Modality | Marker | MCIs | LMCIs | FHMCIs |
---|---|---|---|---|
Amyloid | εMKm | 0.56 | 0.70 | 0.42 |
rDAm | 0.49 | 0.57 | 0.41 | |
FDG | εMKm | 0.49 | 0.53 | 0.39 |
rDAm | 0.33 | 0.36 | 0.26 | |
T1MRI | εMKm | 0.55 | 0.60 | 0.48 |
rDAm | 0.36 | 0.42 | 0.26 | |
A+F | εMKm | 0.52 | 0.63 | 0.39 |
rDAm | 0.42 | 0.49 | 0.33 | |
A+T | εMKm | 0.56 | 0.67 | 0.42 |
rDAm | 0.41 | 0.49 | 0.29 | |
F+T | εMKm | 0.51 | 0.58 | 0.41 |
rDAm | 0.34 | 0.38 | 0.25 | |
A+F+T | εMKm | 0.54 | 0.65 | 0.39 |
rDAm | 0.41 | 0.50 | 0.28 |
Fig. 1.
Sample estimates per arm for rDAm vs. εMKm using all MCIs, LMCIs and FH positive MCIs respectively, at 80% power and 0.05 significance level.
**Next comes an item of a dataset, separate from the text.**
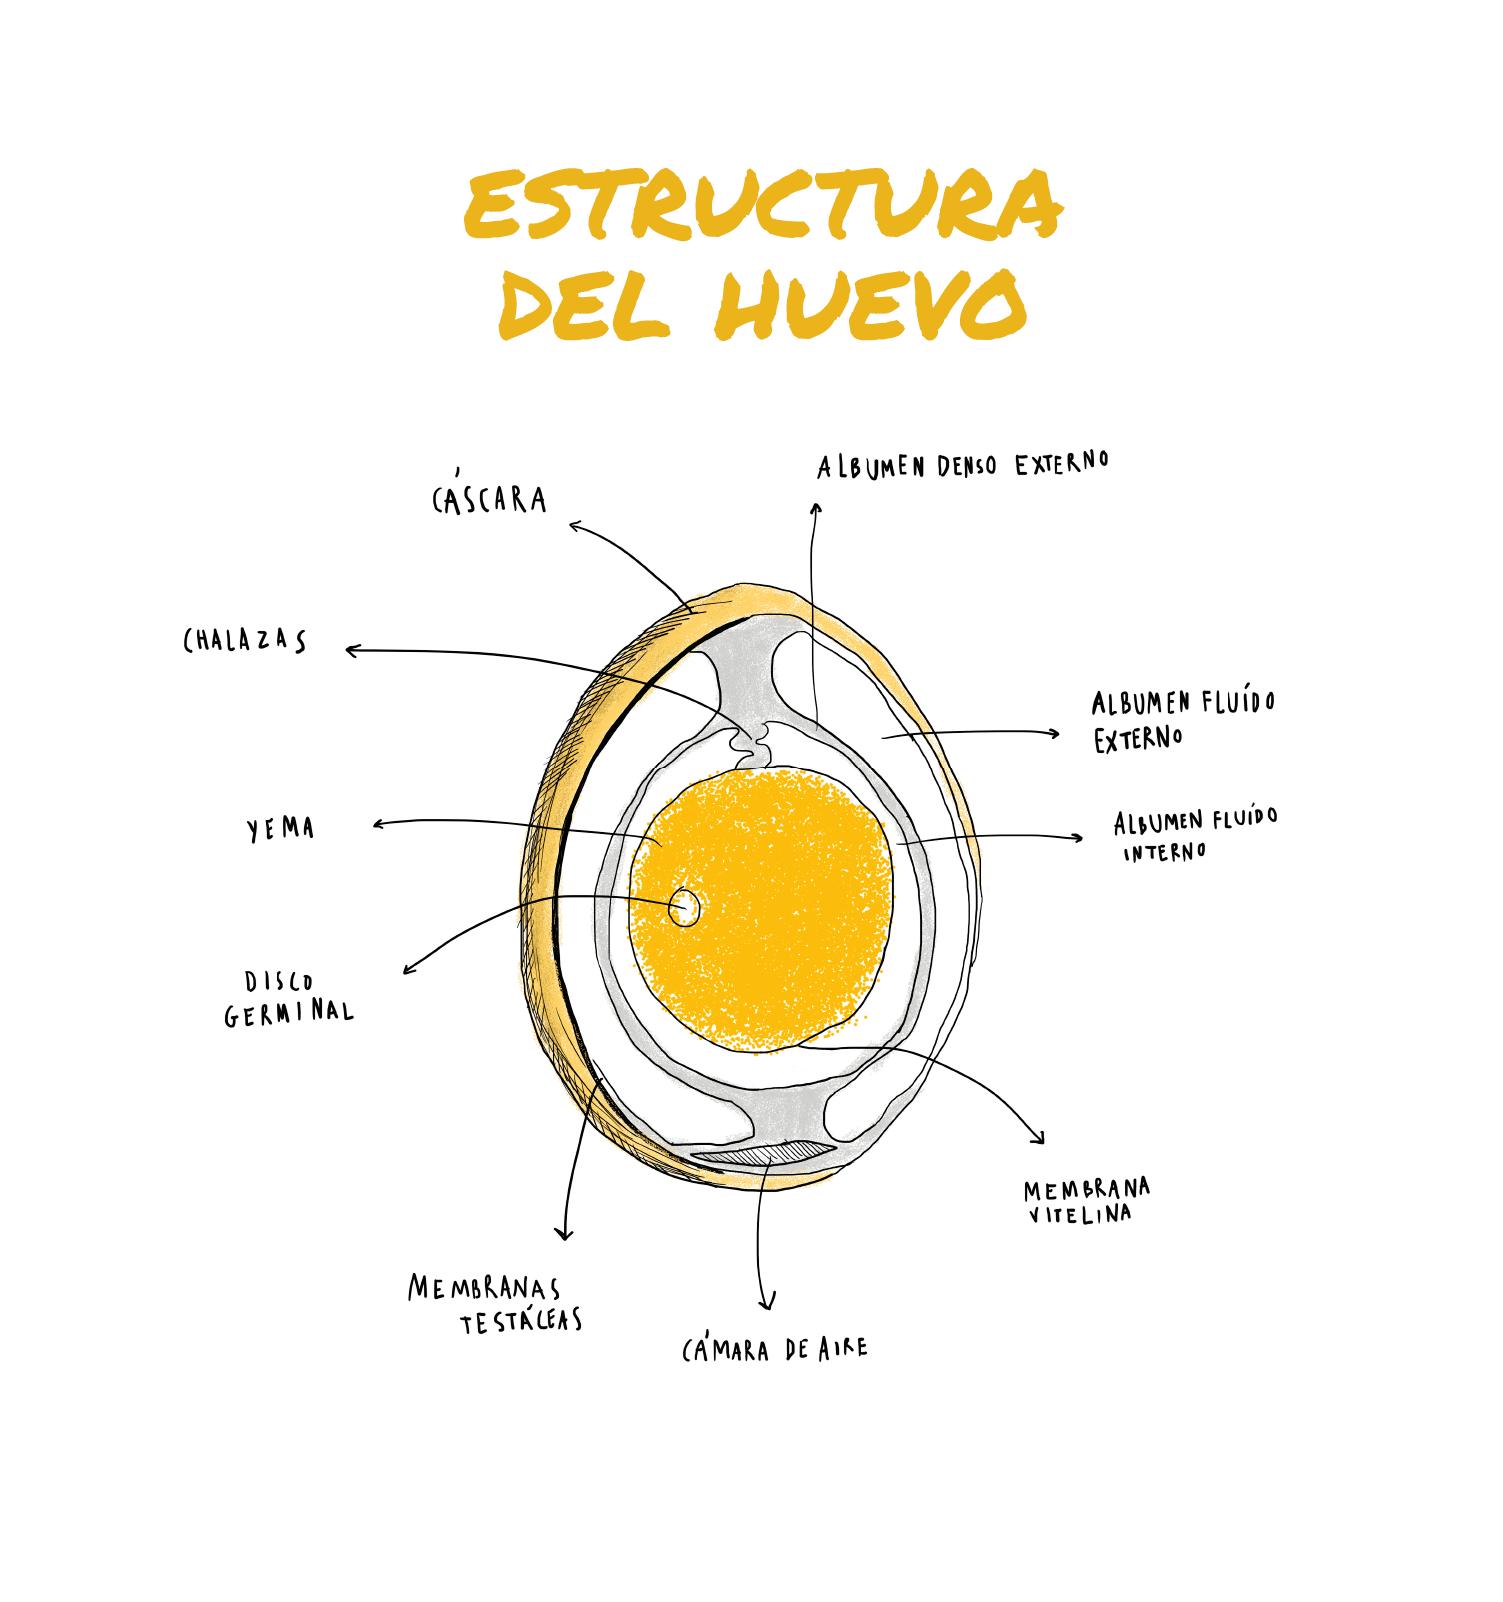 Estructura Instituto De Estudios Del Huevo

Conversion rate is 37.7%, and the induced drug effect is 0.25. Refer to supplement for 85% and 90% plots. εMKm is blue and rDAm is green.
Table 4.
Best rDAm and εMKm sample estimates perm arm (from Fig. 1) vs. MMSE and CSF levels.
Power | MMSE | τ | pτ | Aβ | τ/Aβ | pτ/Aβ | εMKm | rDAm |
---|---|---|---|---|---|---|---|---|
80% | > 2500 | 973 | 1447 | > 2500 | 975 | > 2000 | 431 | 193 |
85% | > 2500 | 1117 | > 1500 | > 2500 | 1120 | > 2500 | 495 | 221 |
90% | > 2500 | 1303 | > 1500 | > 2500 | 1306 | > 2500 | 577 | 258 |
4 Conclusions
We propose a novel deep learning architecture, randomized denoising autoencoders, that scales to very large dimensions and learns from a small number of instances. We construct a continuous predictor based on rDA and show that not only does it have high correspondence with other markers of AD, but also leads to efficient clinical trials with much smaller sample estimates.
Supplementary Material
Acknowledgments
This work was supported in part by NIH R01 AG040396; NSF CAREER award 1252725; Wisconsin Partnership proposal; UW ADRC P50 AG033514; UW ICTR 1UL1RR025011 and a VA Merit review grant I01CX000165. The contents do not represent views of the Dept. of Veterans Affairs or the US Government.